The men in We Will See You Bleed are mostly broken. The women are furious. Rita’s return functions as both an emotional mirror and a plot accelerant. Their dynamic gives the novel warmth and tension simultaneously.
Babs herself is the real achievement. She’s not a hero in any clean sense. There’s ruthlessness in her, something not unlike the amorality in a mafia character.
Reading closely, it’s clear Babs wants to protect her people. The methods are a different conversation. The novel holds both things without flinching from either.
Rheal’s choices, in contrast, are where some readers may lose the thread. The decisions feel underexplained—not in terms of plot, but in terms of motivation.

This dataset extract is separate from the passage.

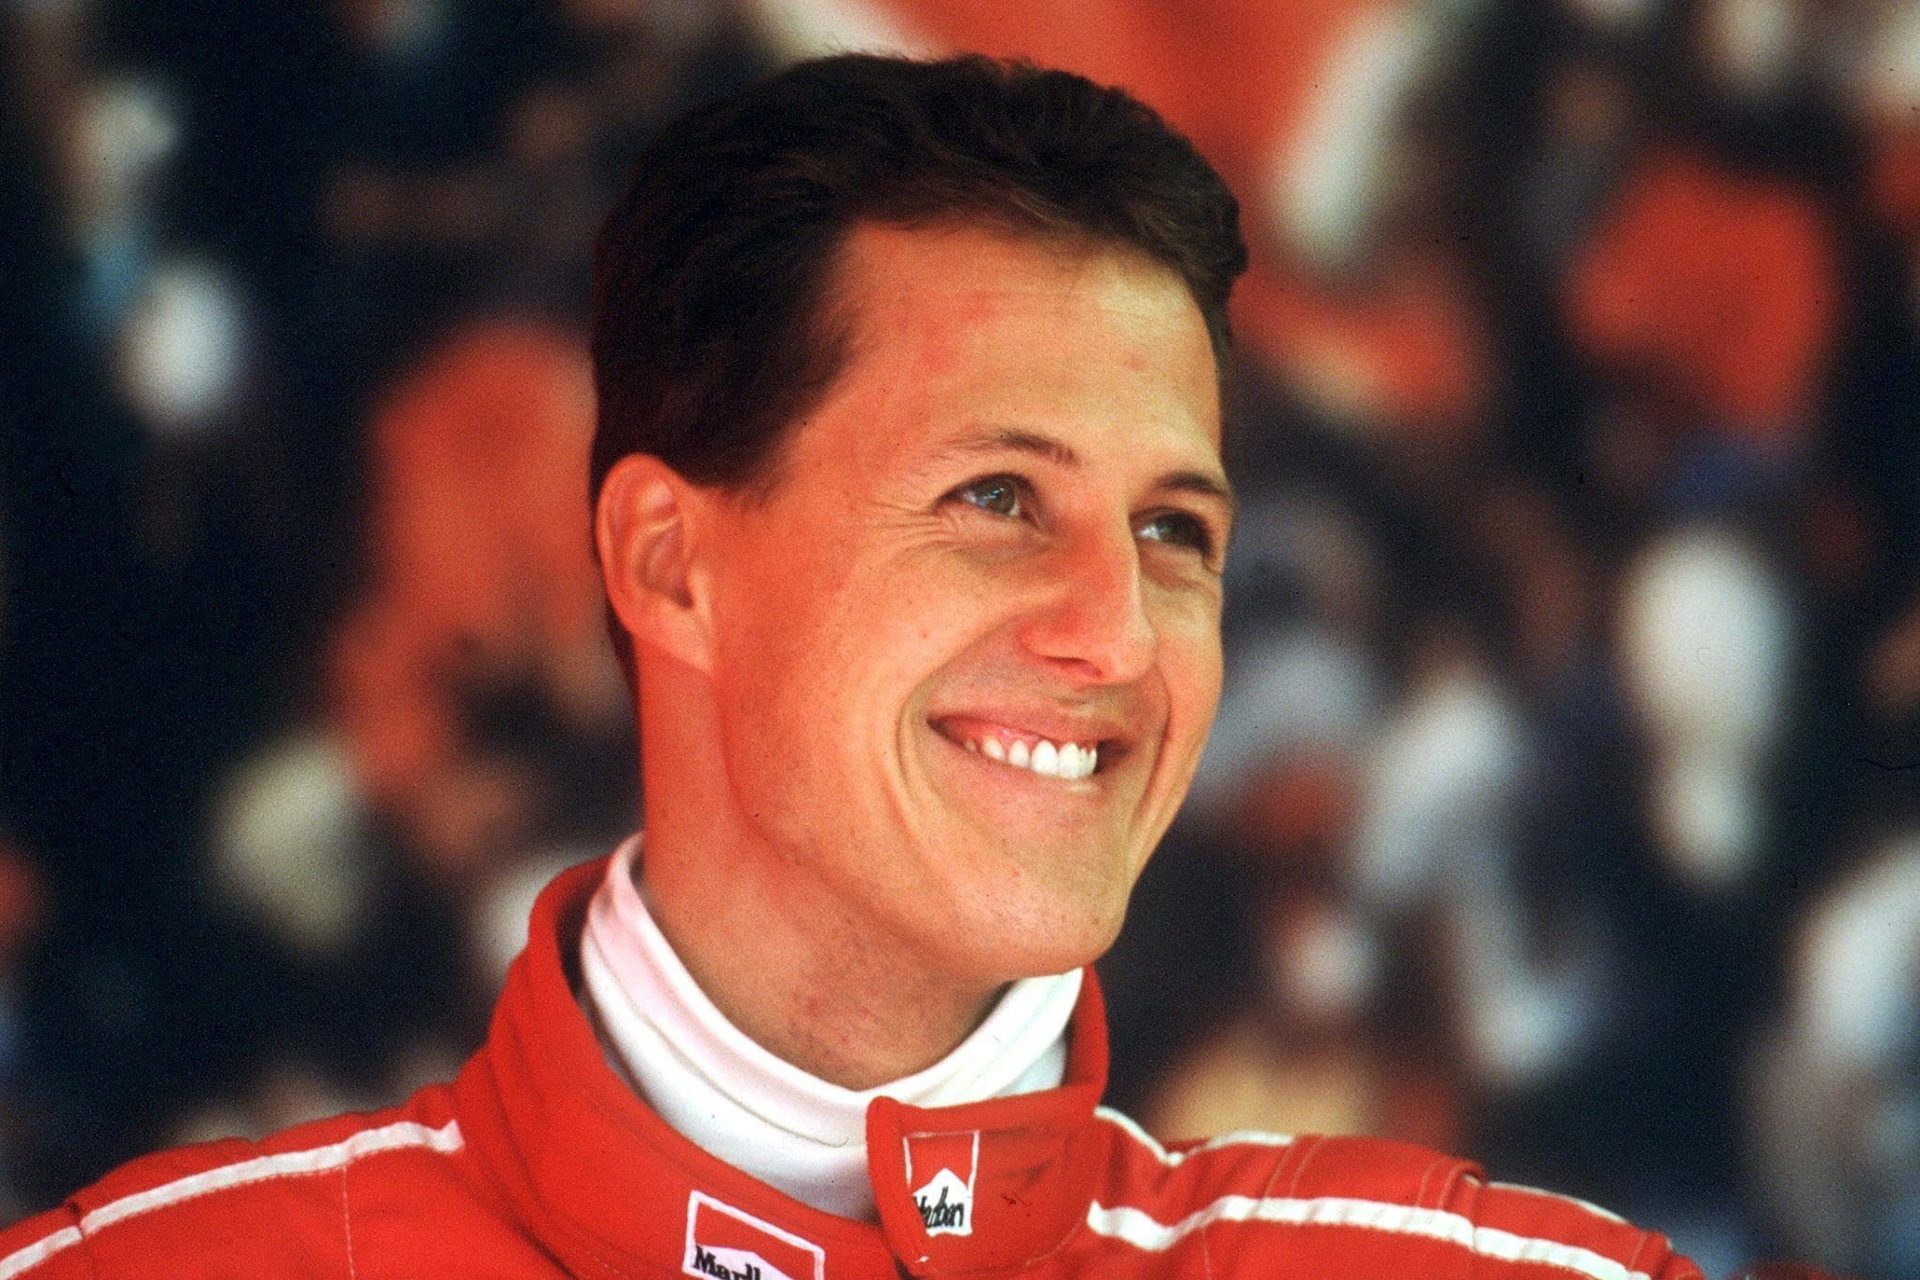 Com'è cambiato Ralf Schumacher dal terribile incidente di suo fratello Michael

Currie doesn’t give quite enough time to those choices. They may feel convenient rather than inevitable, which is not a fatal flaw but a real one.
Nevertheless, the pacing carries the book over its rougher terrain. We Will See You Bleed moves with conviction, and conviction covers a lot of ground. The prose is raw and physical without becoming performatively gritty—Currie has enough craft to know the difference.
The prequel structure is handled cleanly. You don’t need The Savage, Noble Death of Babs Dionne to read this. The world is legible on its own terms, as befits a chronological backstory.
Readers who want more of this woman after finishing will find the back catalog waiting and rewarding.
We Will See You Bleed is not a comfortable book. It is, however, a serious one. This is a novel about what communities do when every legitimate option has been exhausted, and the only thing left is to decide what they’re willing to become.
Ultimately, Currie dramatizes, he doesn’t editorialize. He trusts the situation to carry the moral weight. His bet looks to have paid off.
We Will See You Bleed is a crime thriller by Ron Currie, published by G.P. Putnam’s Sons (Penguin Random House), with a page count just under 400. It is the second installment in the Babs Dionne series, serving as a prequel to The Savage, Noble Death of Babs Dionne. It publishes July 7, 2026 in the United States and is available for pre-order now at major retailers.